2. How to choose loss function?
    1. Regression Problem  
        1. Mean Squared Error
        2. Mean Absolute Error Loss
        3. Huber Loss (Smooth Mean Absolute Error)
3. Binary Classification Problem   
    1. Binary Cross Entropy Loss
    2. Hinge Loss
5. Multi-Class Classification Problem  
    1. Categorical Cross Entropy
    2. Sparse Categorical Cross Entropy
    3. Kullback Leibler (KL) Divergence Loss

In [1]:
# import numpy, tensorflow, norm from scipy, matplotlib  libraries
import numpy as np
import tensorflow as tf
from scipy.linalg import norm
import matplotlib.pyplot as plt




# What is loss function?

It is a method of evaluating how well your algorithm models your dataset. If your predictions are totally wrong, your loss function will output a higher number. If they are pretty good, it will output a lower number. As you change pieces of your algorithm to try and improve your model, your loss function will tell you if you are getting close to your goal or getting away.

# Note:

A lot of the loss functions that you see implemented in machine learning can get complex and confusing. But if you remember the end goal of all loss functions—measuring how well your algorithm is doing on your dataset—you can keep that complexity in check.

There are many functions that could be used to estimate the error of a set of weights in a neural network.

We need a function that will reach to a ser of weights after each iteration. These weights will result in improved performance and lesser loss value.

The loss function gets the weights based on historical training data.

We have a training dataset with one or more input variables and we require a model to estimate model weight parameters that best map examples of the inputs to the output or target variable.

Given input, the model is trying to make predictions that match the data distribution of the target variable. A loss function estimates how closely the distribution of predictions made by a model matches the distribution of target variables in the training data.

# Cross Entropy

The error between two probability distributions is measured using cross-entropy.

When modeling a classification problem where we are interested in mapping input variables to a class label, we can model the problem as predicting the probability of an example belonging to each class. In a binary classification problem, there would be two classes, so we may predict the probability of the example belonging to the first class. In the case of multiple-class classification, we can predict a probability for the example belonging to each of the classes.

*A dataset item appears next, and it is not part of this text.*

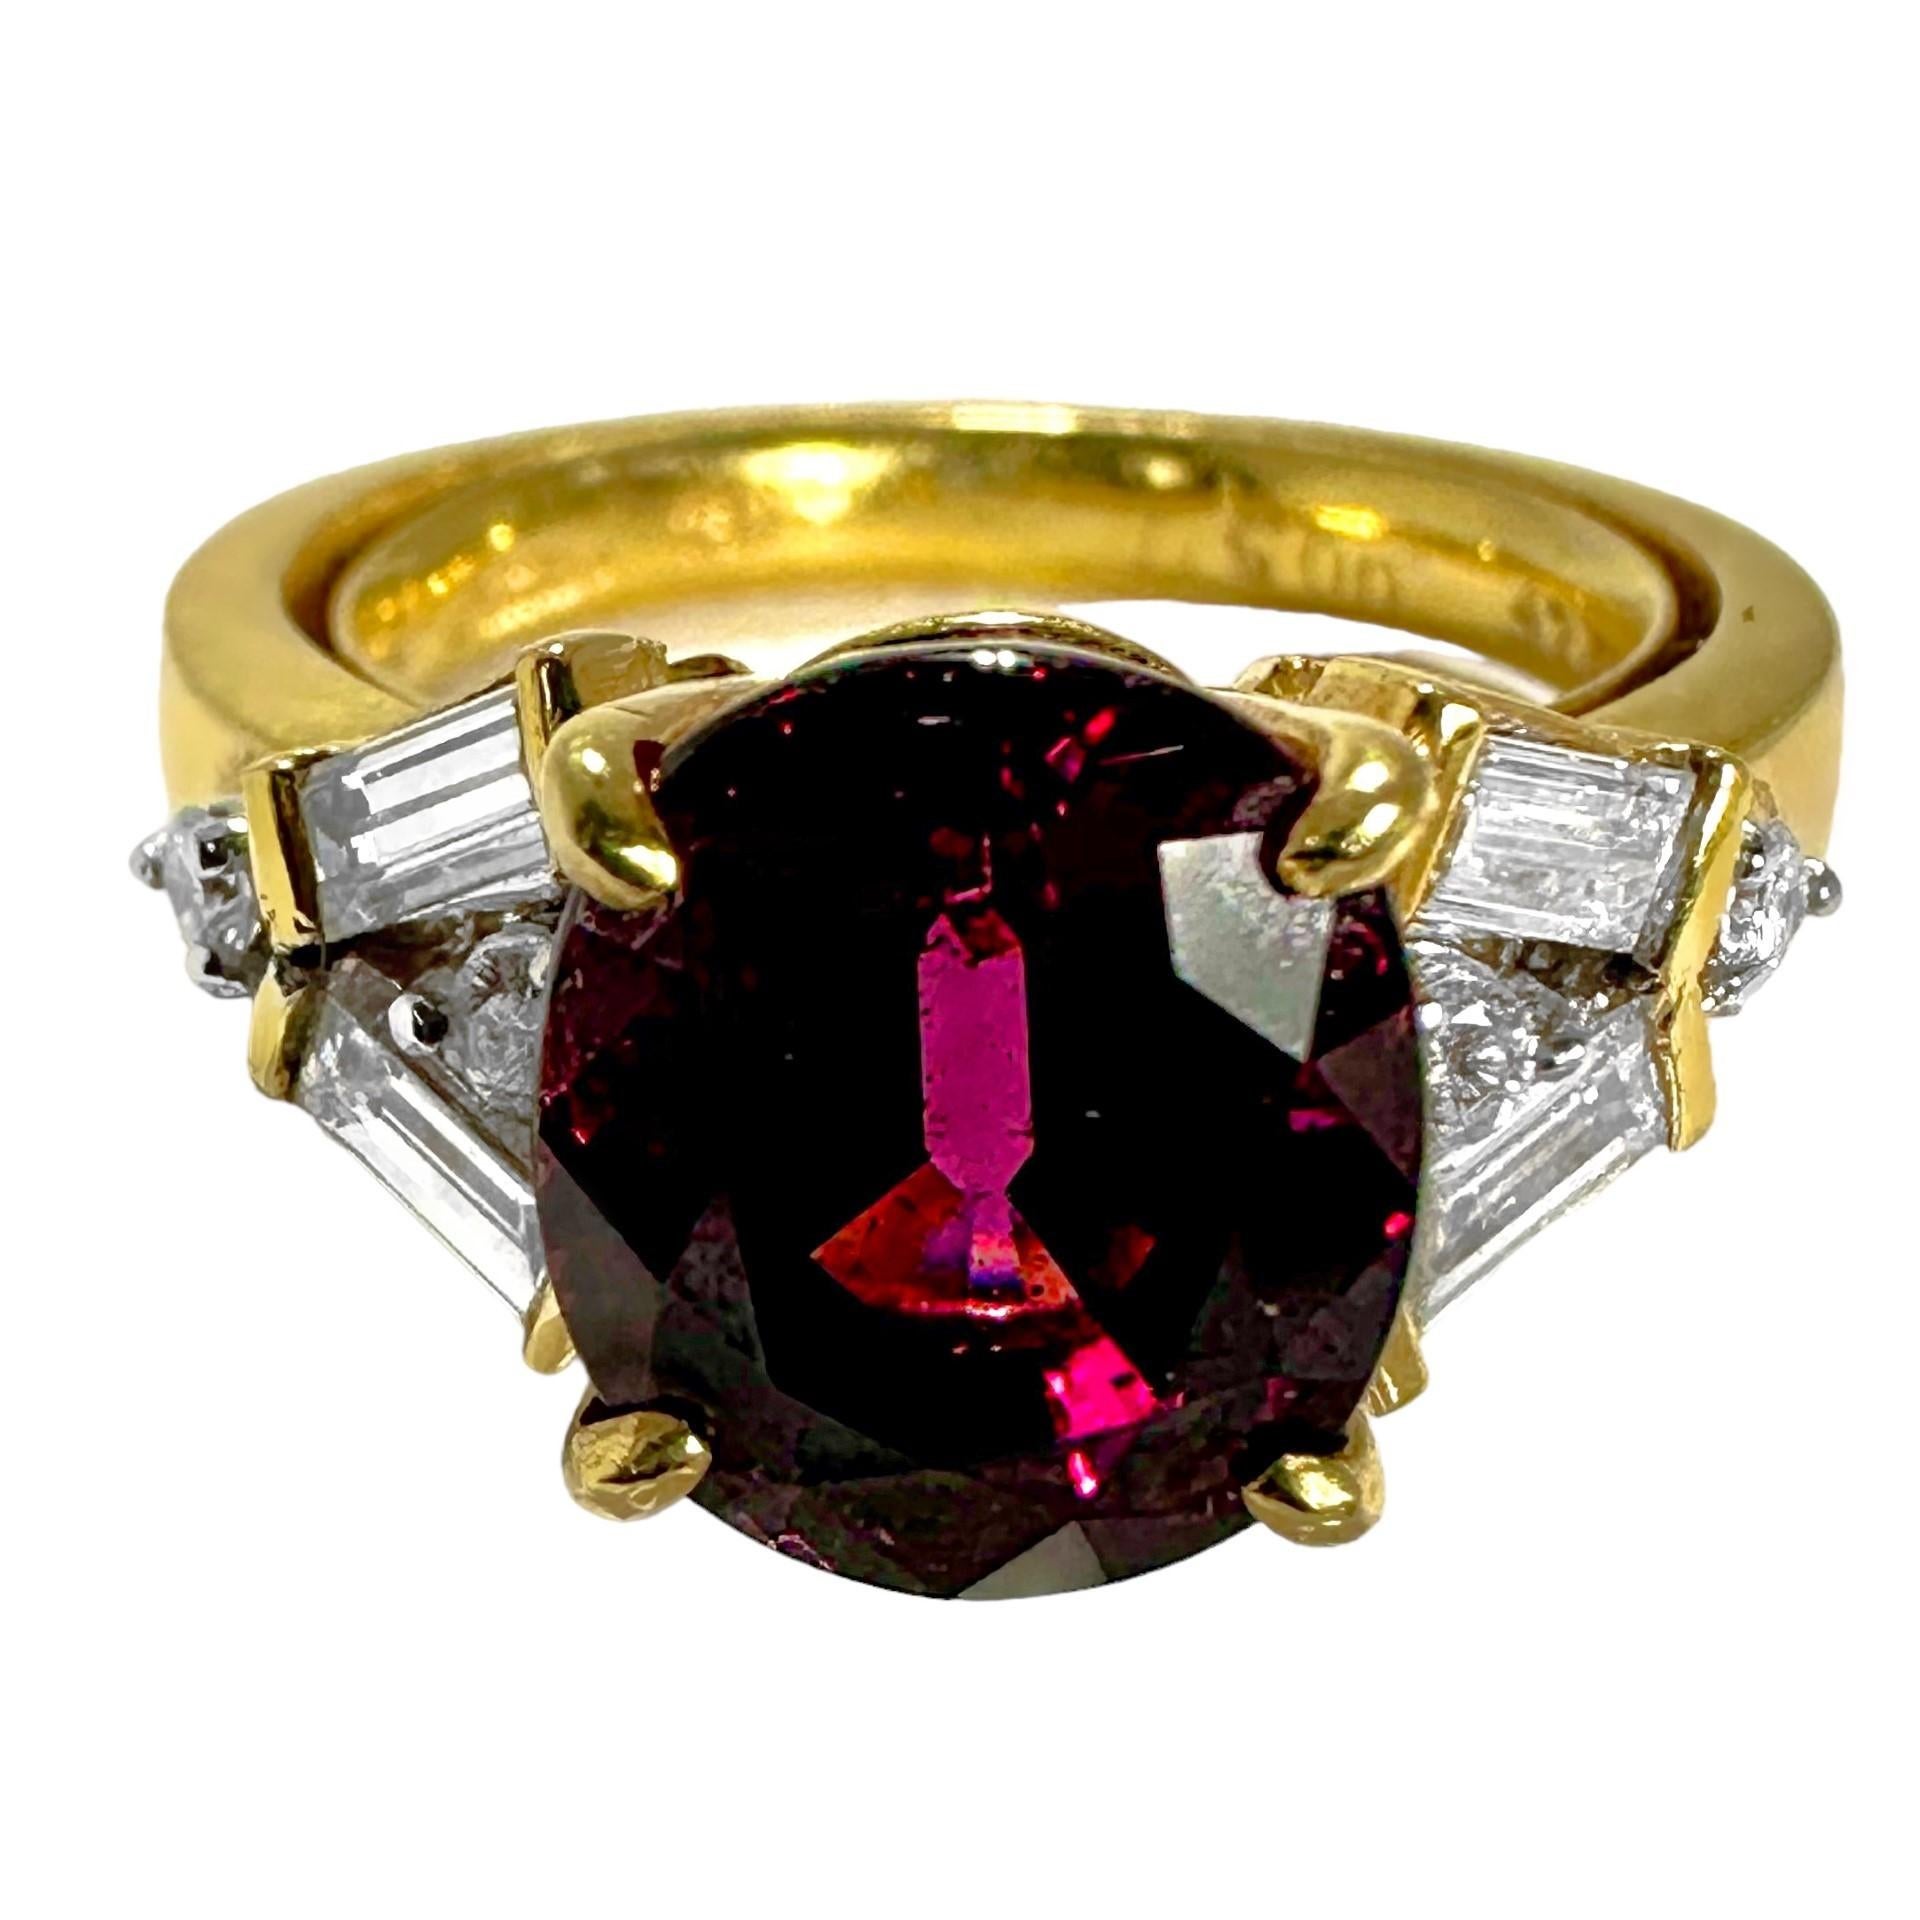 Modern 18k Yellow Gold Ring with 4.76ct Red Wine Colored, Oval Shaped Garnet & Diamonds For Sale

In the training dataset, the probability of an example belonging to a given class would be 1 or 0, as each sample in the training dataset is a known example from the domain. We know the answer.

We would seek a set of model weights that minimize the difference between the model’s predicted probability distribution given the dataset and the distribution of probabilities in the training dataset. This is called the cross-entropy.

# How to choose loss function?

## Important
The choice of loss function is directly related to the activation function used in the output layer of your neural network. These two design elements are connected.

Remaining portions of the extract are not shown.